Sorting and reversing lists in Python - Time & Space Complexity
When we sort or reverse lists, we want to know how the time needed grows as the list gets bigger.
We ask: How much longer does it take if the list doubles or triples in size?
Analyze the time complexity of the following code snippet.
my_list = [5, 3, 8, 1, 2]
my_list.sort()
my_list.reverse()
This code sorts a list in ascending order, then reverses it to get descending order.
Identify the loops, recursion, array traversals that repeat.
- Primary operation: Sorting the list, which compares and moves elements multiple times.
- How many times: The sorting process repeats comparisons roughly proportional to n log n of the list size.
- Reversing: Goes through the list once to swap elements from ends to middle.
Sorting takes more time as the list grows, but reversing grows more slowly.

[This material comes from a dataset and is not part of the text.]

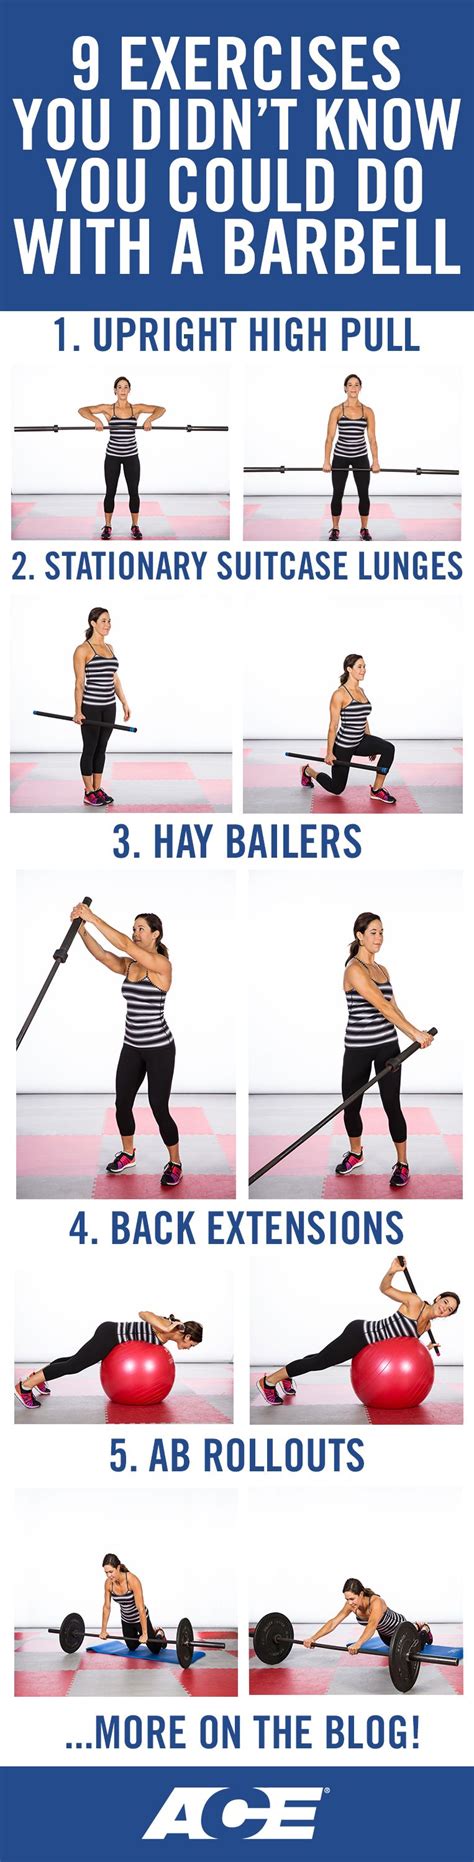 9 Exercises You Didnt Know You Could Do With A Barbell Barbell
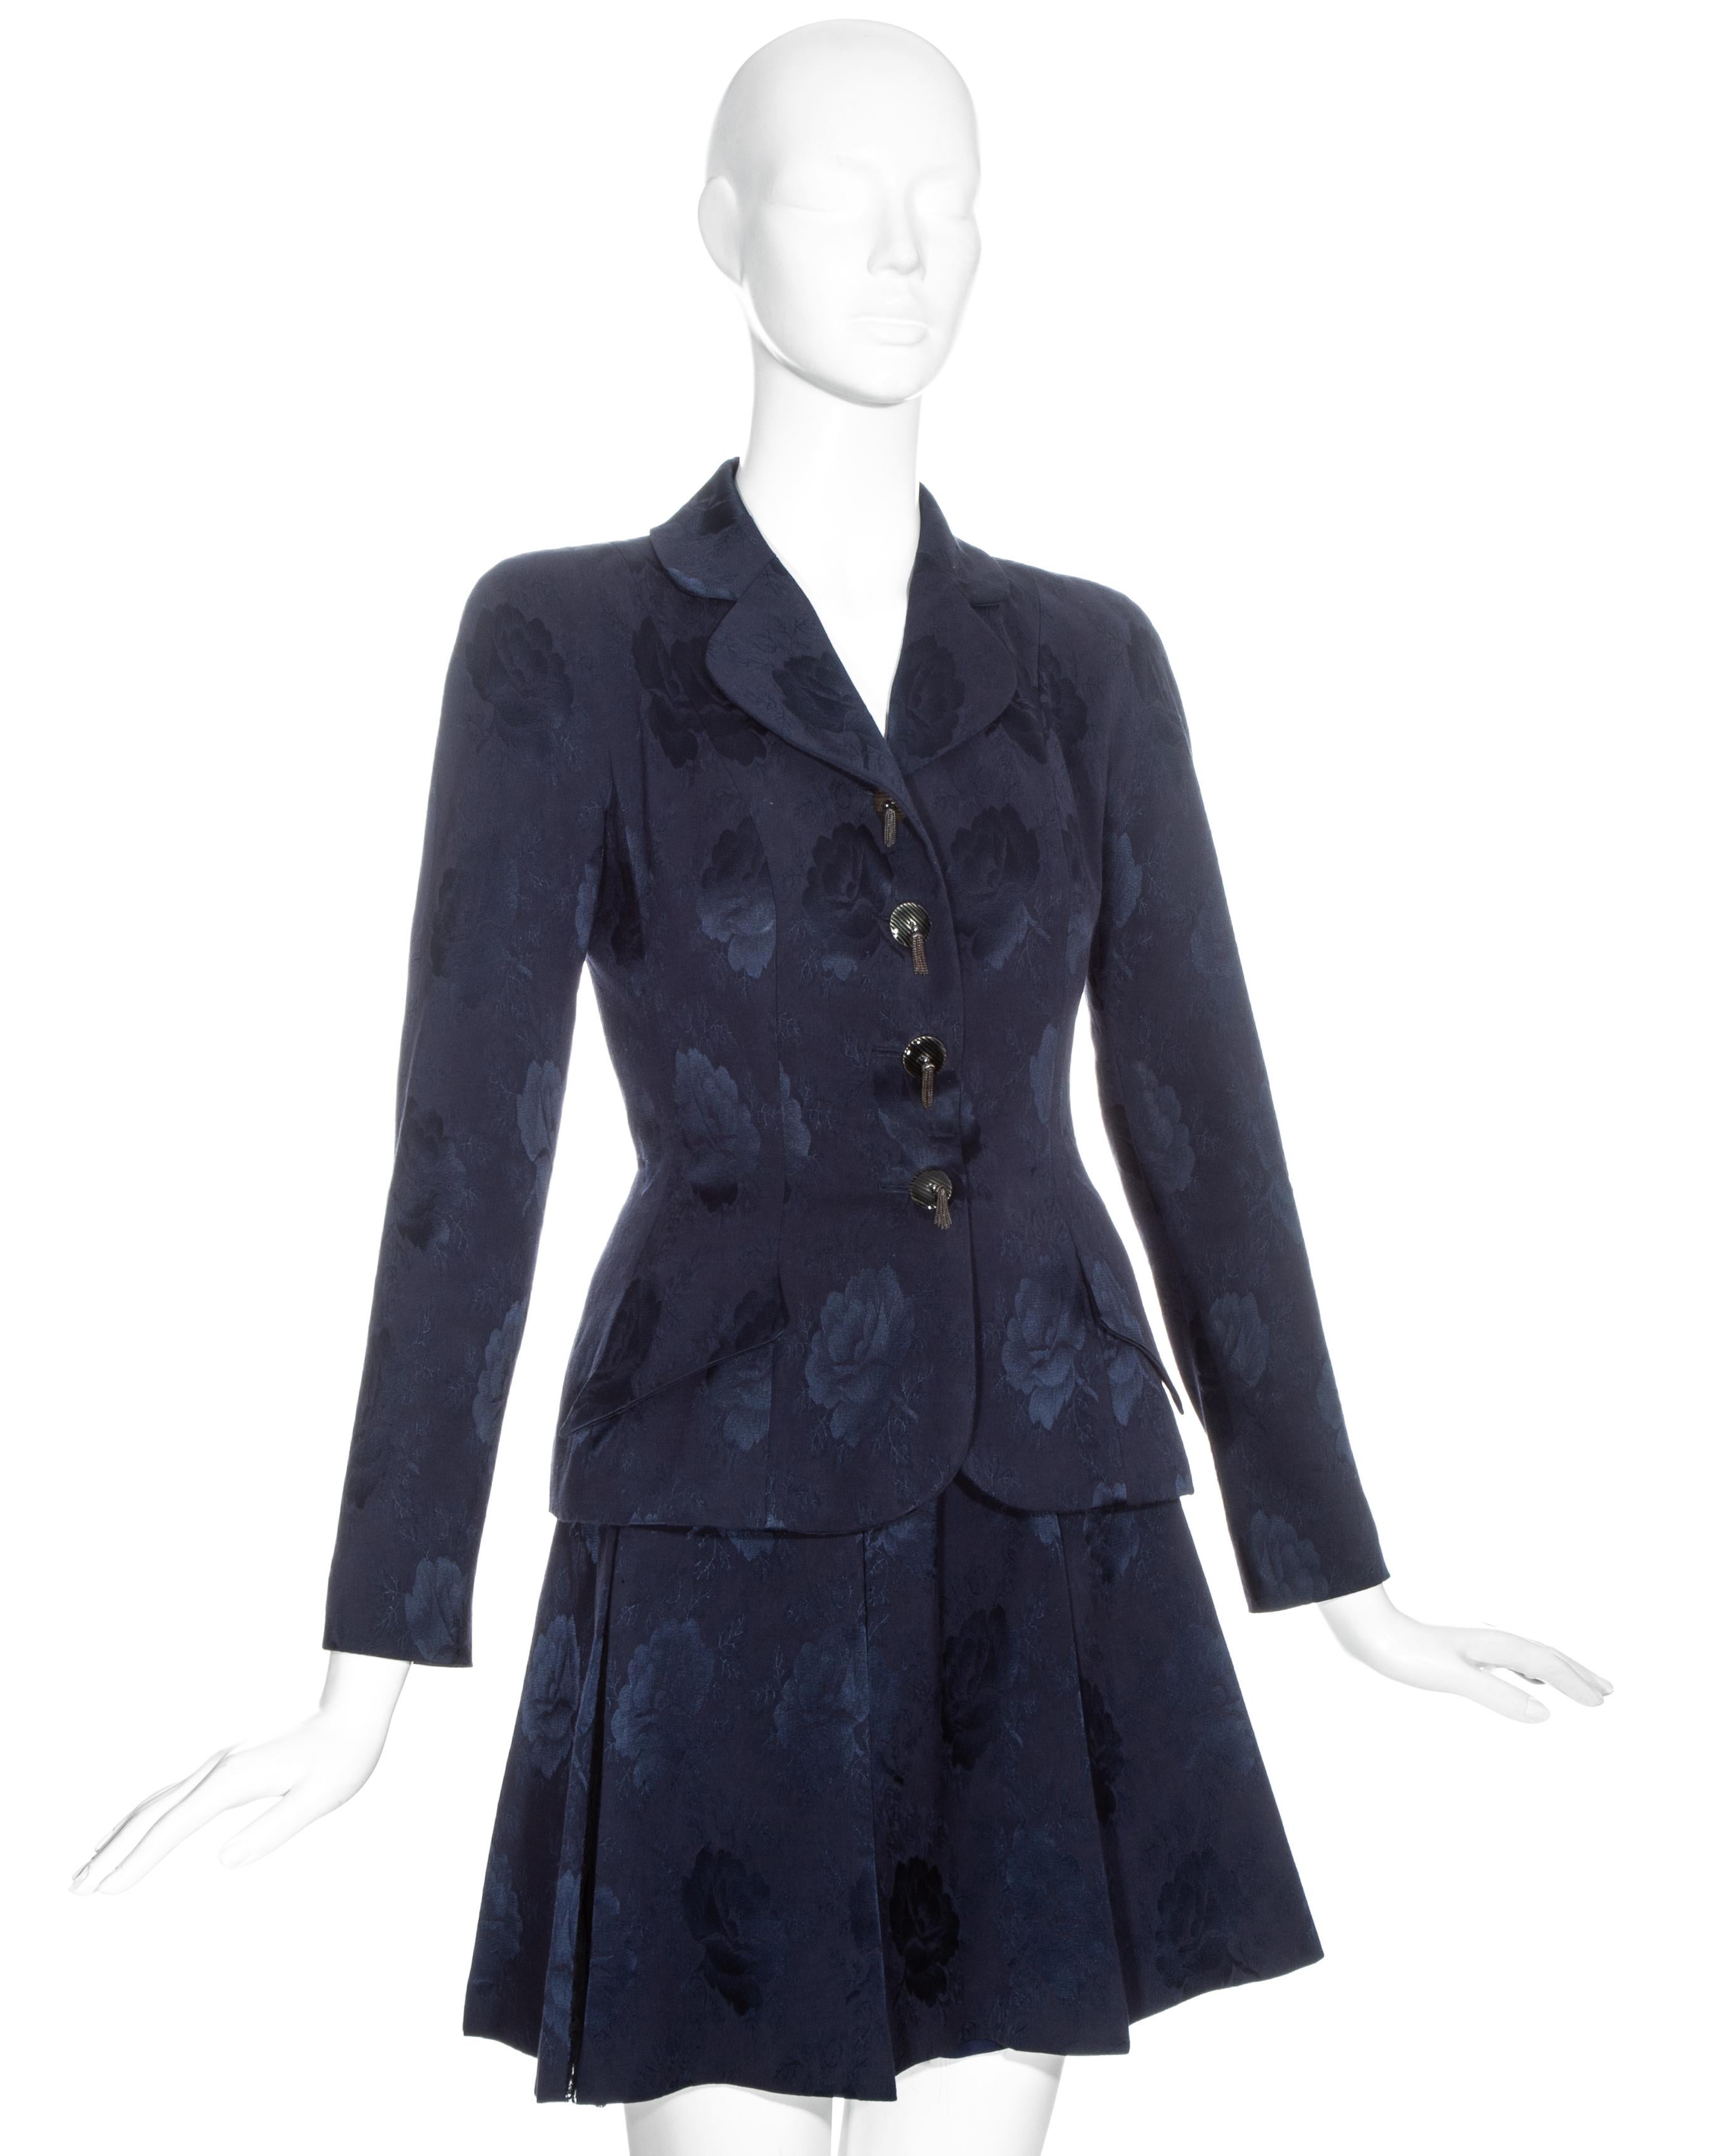 Women's Christian Dior by John Galliano navy silk brocade and lace skirt suit, fw 1997

| Input Size (n) | Approx. Operations |
|---|---|
| 10 | About 30 to 50 for sorting, 10 for reversing |
| 100 | About 600 to 700 for sorting, 100 for reversing |
| 1000 | About 10,000 to 14,000 for sorting, 1,000 for reversing |
Pattern observation: Sorting grows much faster than reversing as list size increases.
Time Complexity: O(n log n)
This means sorting takes longer as the list grows, but not as fast as checking every pair; reversing just goes through the list once.
[X] Wrong: "Reversing a list takes as long as sorting it."
[OK] Correct: Reversing only swaps elements once each, so it takes much less time than sorting, which compares many pairs.
Understanding how sorting and reversing scale helps you explain your choices clearly and shows you know what happens behind the scenes.
"What if we used a different sorting method like bubble sort instead of the built-in sort? How would the time complexity change?"